Mark Bouris talks about inflation and asks the Reserve Bank to explain what's going on
Australia's monetary policy uses a central bank to raise and lower interest rates in order to influence inflation.
When inflation is over 3 per cent, the Reserve Bank raises interest rates to stop the economy overheating and when inflation is too low they lower interest rates to stimulate the economy.
By keeping inflation within 2 and 3 per cent, they promote stability which promotes employment.
So, lately we've had interest rates at 4.75 and yet we've had two quarters in a row when inflation was well above 3 per cent: 3.6 and 3.9.
So it should be time for the Reserve Bank to raise interest rates again.
However my company, Yellow Brick Road, has been arguing for a lower official interest rate for several months, because we believe the connection between inflation and interest rates is broken.

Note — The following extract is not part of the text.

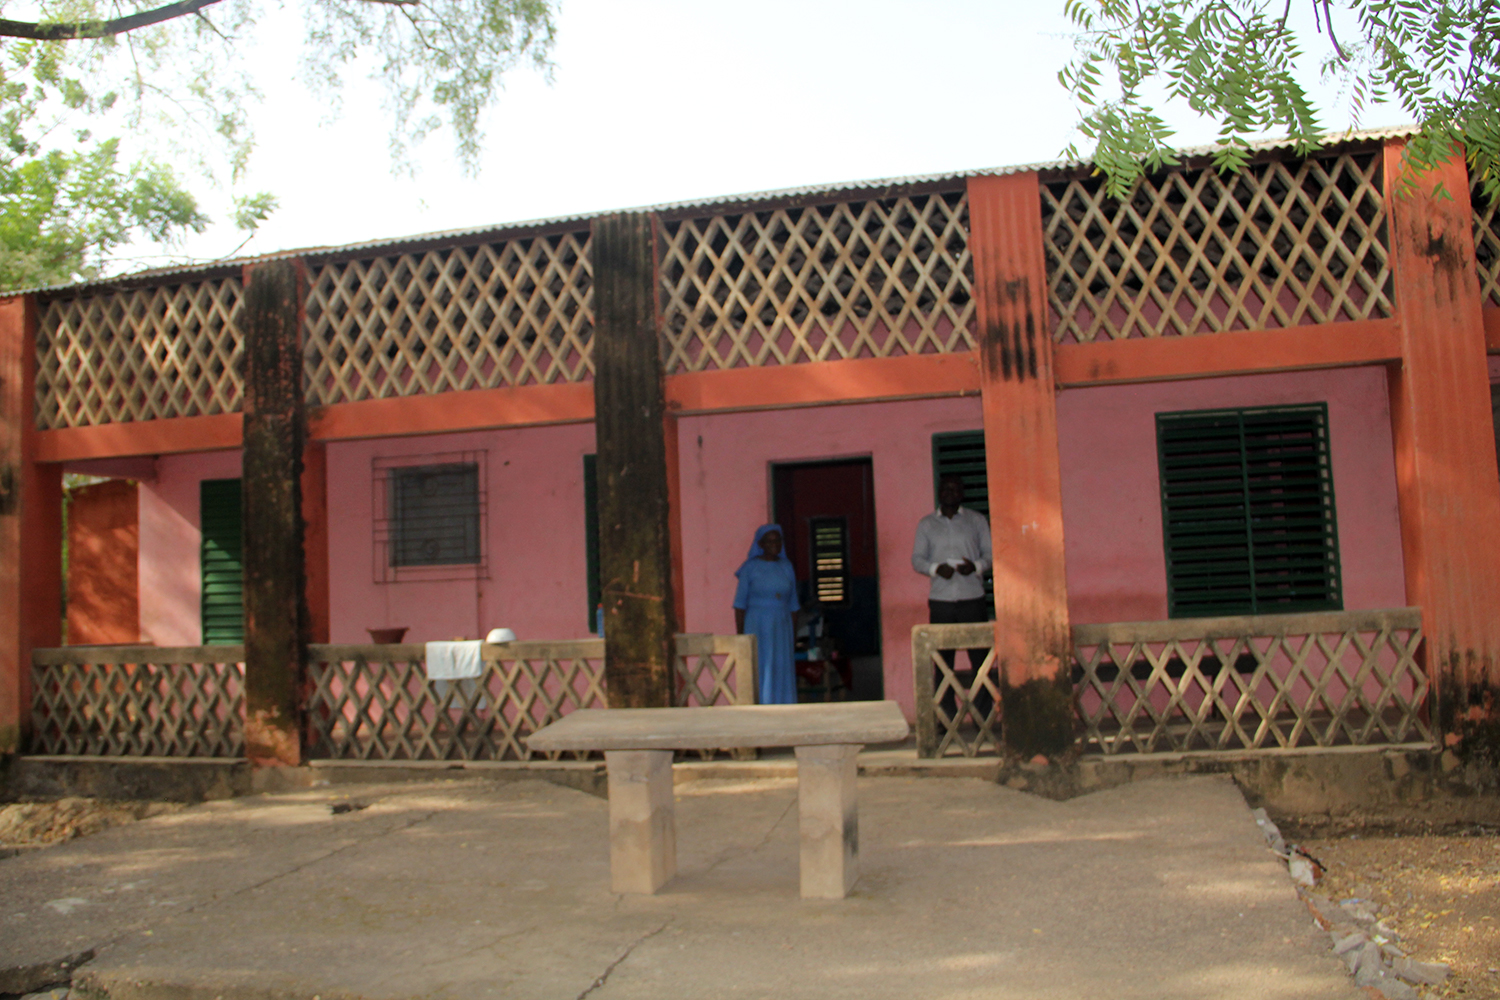 La clinique tenue par les soeurs est le premier endroit où viennent femmes et enfants malades à Niego car elle est complètement gratuite.

Raising interest rates punishes those households and businesses that have nothing to do with the cause of the inflation. And economists say that most of Australia's inflationary pressure comes from the mining sector.
Have a look at the latest research from Commonwealth Bank economist, James McIntyre. His team took apart the Reserve Bank's economic forecasts for the next two years and calculated that over the next two years, the mining sector will grow an average 16 per cent while the non-mining sector will be lucky to see 1.5 per cent.

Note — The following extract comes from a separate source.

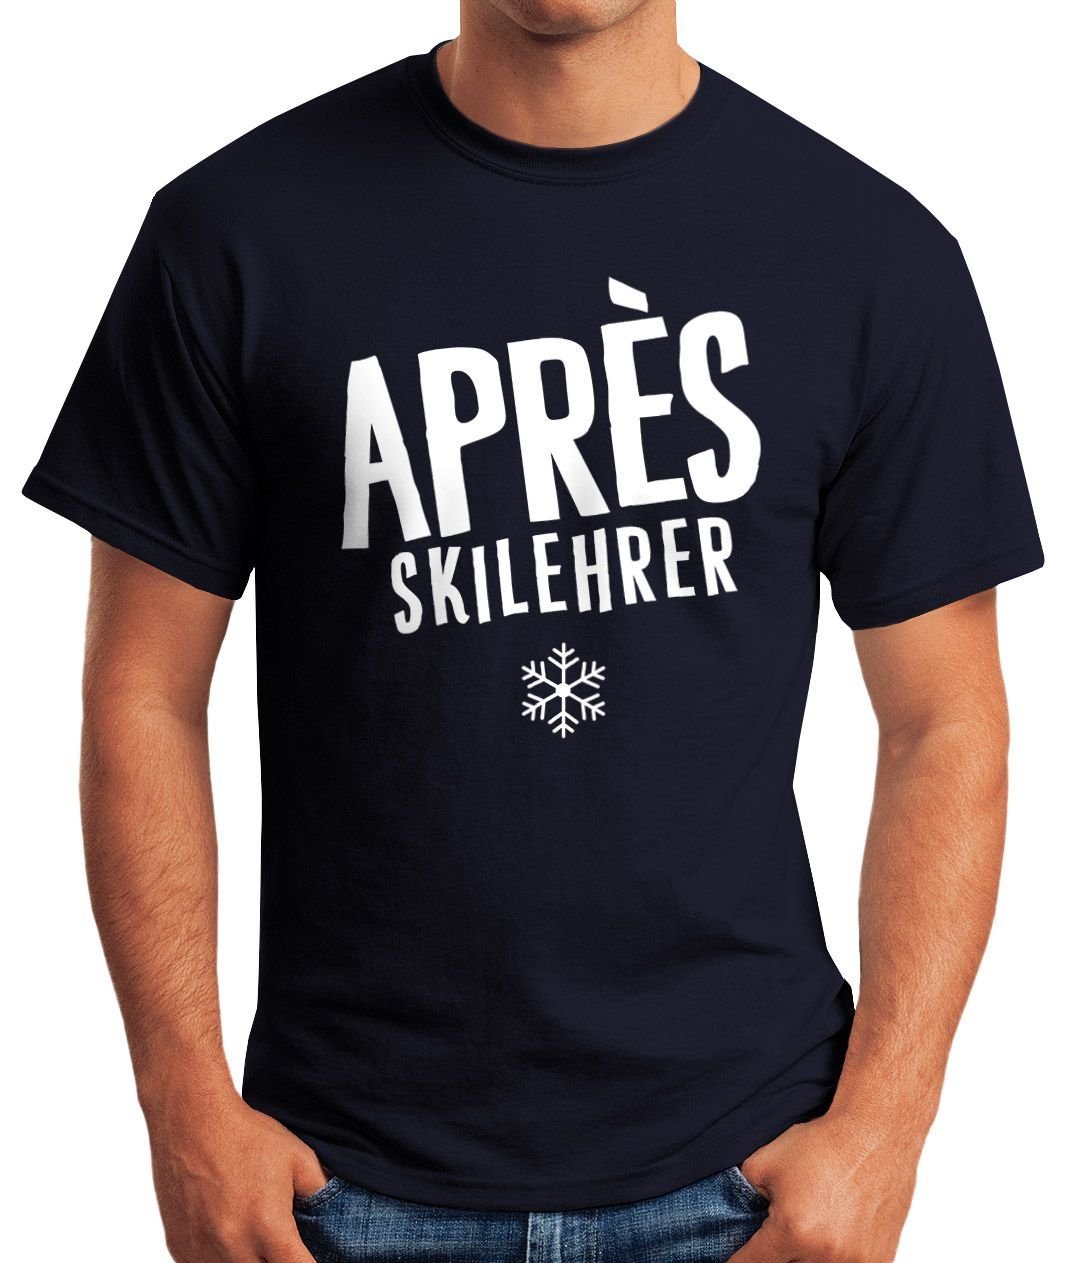 Print Apres-Ski Herren mit Lehrer navy Fun-Shirt T-Shirt Moonworks® MoonWorks Print-Shirt

McIntyre says that over the next two years the non-mining sector "is likely to feel like a recession".
It's time for some questions to be answered: does the RBA want to shut down manufacturing, retail and tourism? Are we being told that the only industry worth being in is mining?
Bluescope and OneSteel - Australia's biggest steel makers - are turning their investment to iron ore mining. Bluescope has closed two blast furnaces and will sack 1000 steel workers. It's cheaper to send iron ore to China and buy their steel.
Qantas is going to sack at least 1000 staff as it tries to establish airlines in Asia.
Farmers are selling prime agricultural land to Chinese miners: it's easier to sell land for coal than it is to grow food.
The Reserve Bank is responsible for economic stability and controlling inflation is crucial for the high employment rates that stability promotes. But part of the stability mandate must include explaining the Plan to Australians.
And what is the plan? That people living in a 1.5 per cent growth economy have to pay the interest rates that control the inflation in the parallel 16 per cent growth economy?
Should we all become miners? Are we fools to be engaged in any other industry?
It's explanation time for the Reserve Bank.